IEEE Citation Style Guide

📐 Citation Style⏱ 10 min read⚙️ Engineering & Computer Science

IEEE (Institute of Electrical and Electronics Engineers) is the standard citation style for electrical engineering, computer science, telecommunications, and related STEM disciplines. Like Vancouver, it uses numbered citations — but with square brackets instead of superscripts, and the reference list is numbered in citation order.
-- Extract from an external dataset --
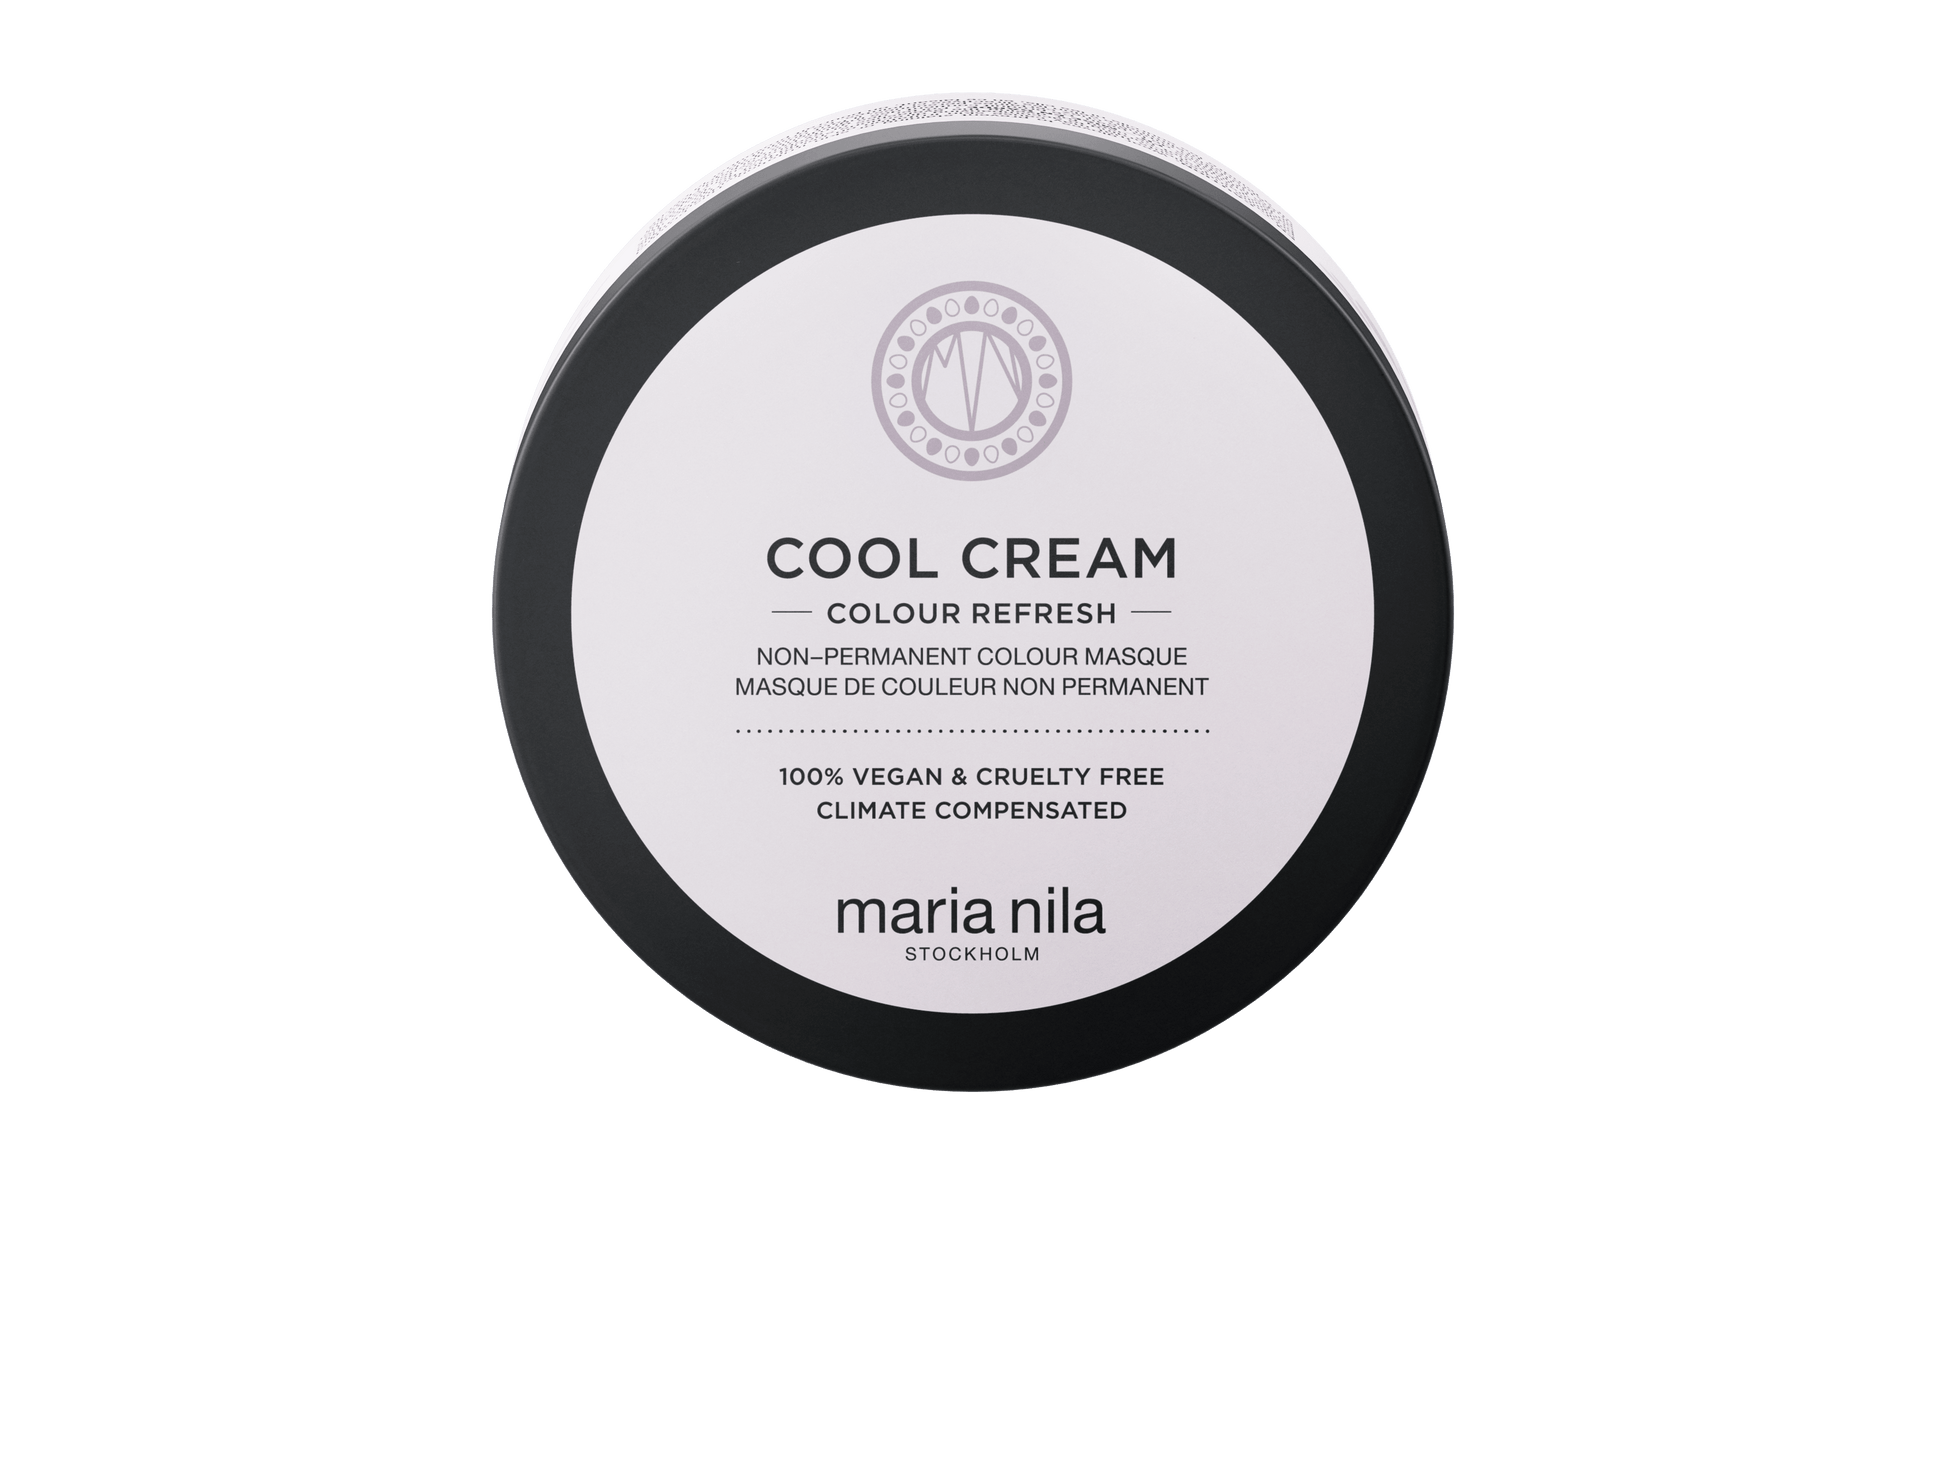 Colour Refresh Cool Cream - The Coloroom 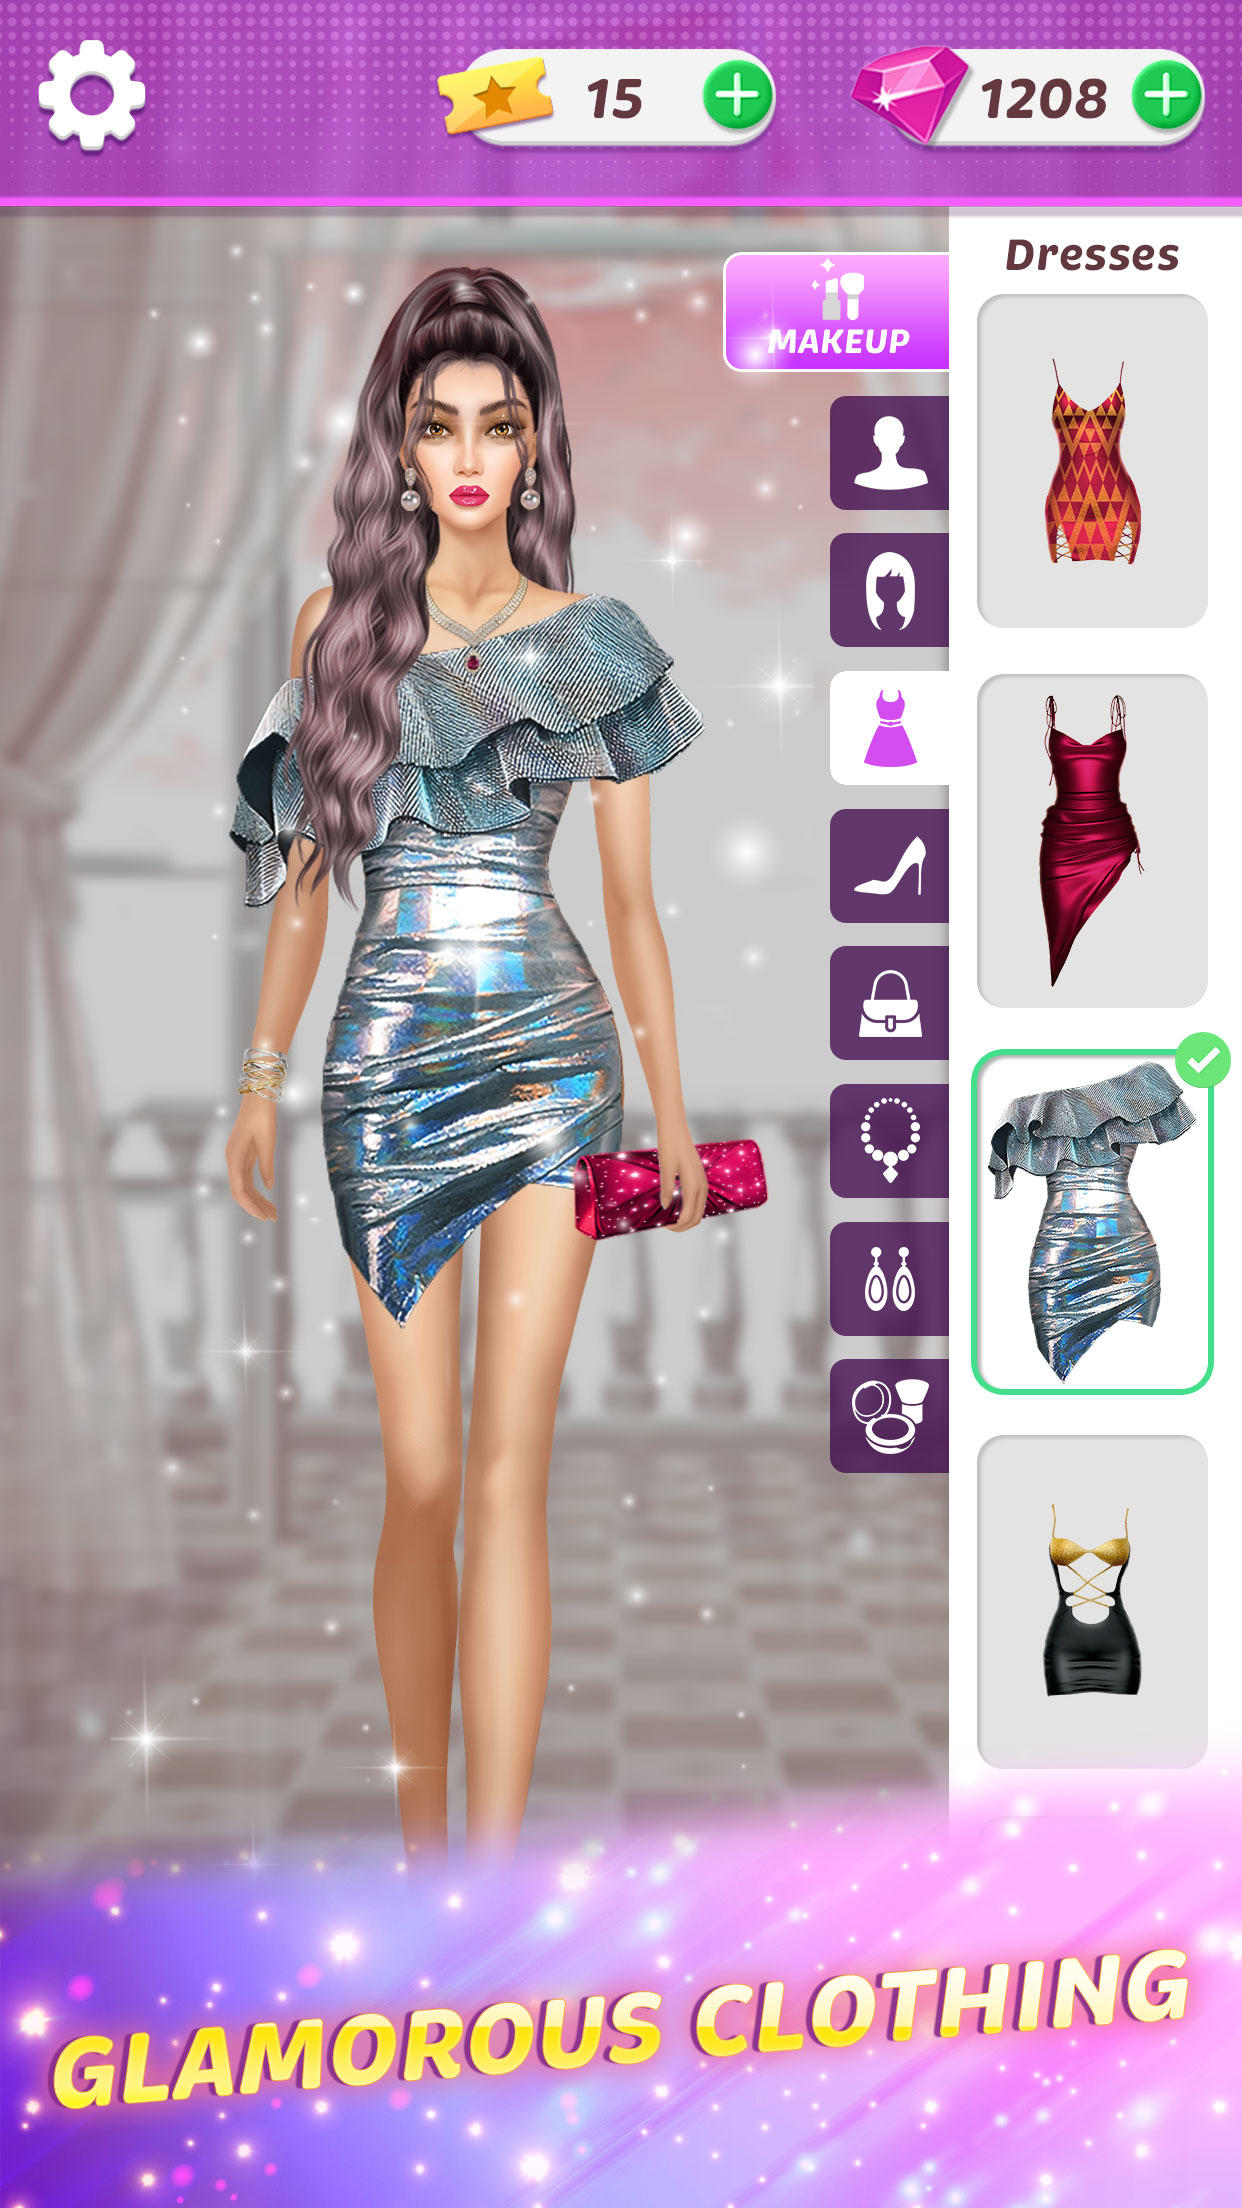 Magical Dress Up Game APK para Android - Download

The Bracket Numbering System

Each source gets a bracketed number [1], [2], etc., assigned in the order it first appears in your text. The same number is reused every time you cite that source again. Your reference list at the end repeats those numbers in order.

// In your text:
Deep learning has transformed image recognition [1]. Convolutional neural networks [2] were originally proposed by LeCun et al. [3], and have since been applied to medical imaging [1], [4].

// Reference list:
[1] J. Smith, "Deep learning in medical imaging," IEEE Trans. Med. Imaging, vol. 41, no. 3, pp. 612–624, Mar. 2022.
[2] A. Patel and R. Kumar, "CNN architectures survey," in Proc. IEEE CVPR, 2021, pp. 1055–1064.
[3] Y. LeCun, L. Bottou, Y. Bengio, and P. Haffner, "Gradient-based learning applied to document recognition," Proc. IEEE, vol. 86, no. 11, pp. 2278–2324, Nov. 1998.
Key rule: IEEE uses [1], [2], [3]... — square brackets with no space before. Multiple citations in one place: [1], [2] or [1]–[3] for a range.

In-Text Citation Rules

Reference List Formats

IEEE has specific formats for each source type. Author first initials come before surnames (reversed from APA/Harvard), titles are in double quotation marks for articles and chapters, and publication names are abbreviated.

Journal Article

Format
A. Author, B. Author, and C. Author, "Title of article," Abbrev. Journal Name, vol. X, no. X, pp. xx–xx, Mon. Year, doi: 10.xxxxx/xxxxx.
Example
J. A. Omondi and P. M. Kariuki, "Energy-efficient routing in wireless sensor networks," IEEE Trans. Wirel. Commun., vol. 21, no. 4, pp. 2234–2248, Apr. 2022, doi: 10.1109/TWC.2022.3140025.

Conference Paper

Format
A. Author and B. Author, "Title of paper," in Proc. Conference Name (ABBREV.), City, Country, Year, pp. xx–xx.
Example
M. Wang and Y. Zhang, "Adversarial robustness in federated learning," in Proc. IEEE Int. Conf. Mach. Learn. (ICML), Baltimore, MD, USA, 2023, pp. 4102–4110.

Book

Format
A. Author, Title of Book, Xth ed. City, State/Country: Publisher, Year.
Example
S. Haykin, Neural Networks and Learning Machines, 3rd ed. Upper Saddle River, NJ, USA: Prentice Hall, 2009.

Technical Standard

Format
Title of Standard, Standard Number, Publisher, Year.
Example
IEEE Standard for Floating-Point Arithmetic, IEEE Std 754-2019, IEEE, 2019.

Website

Format
A. Author. "Title of page." Accessed: Month Day, Year. [Online]. Available: URL
Example
IEEE. "About IEEE." Accessed: Mar. 15, 2024. [Online]. Available: https://www.ieee.org/about

Key IEEE Formatting Rules

Author initials first

Write "J. A. Smith" not "Smith, J. A." — initials before surname, each initial followed by a period and space.

Article titles in quotes

Article, chapter, and paper titles go in "double quotation marks." Book and journal titles are in italics.

Month abbreviations

Use Jan., Feb., Mar., Apr., May, Jun., Jul., Aug., Sep., Oct., Nov., Dec. — three letters with a period, except May which is never abbreviated.

Journal abbreviations

Abbreviate journal names: "IEEE Transactions on Wireless Communications" → "IEEE Trans. Wirel. Commun." Use the IEEE journal abbreviation list.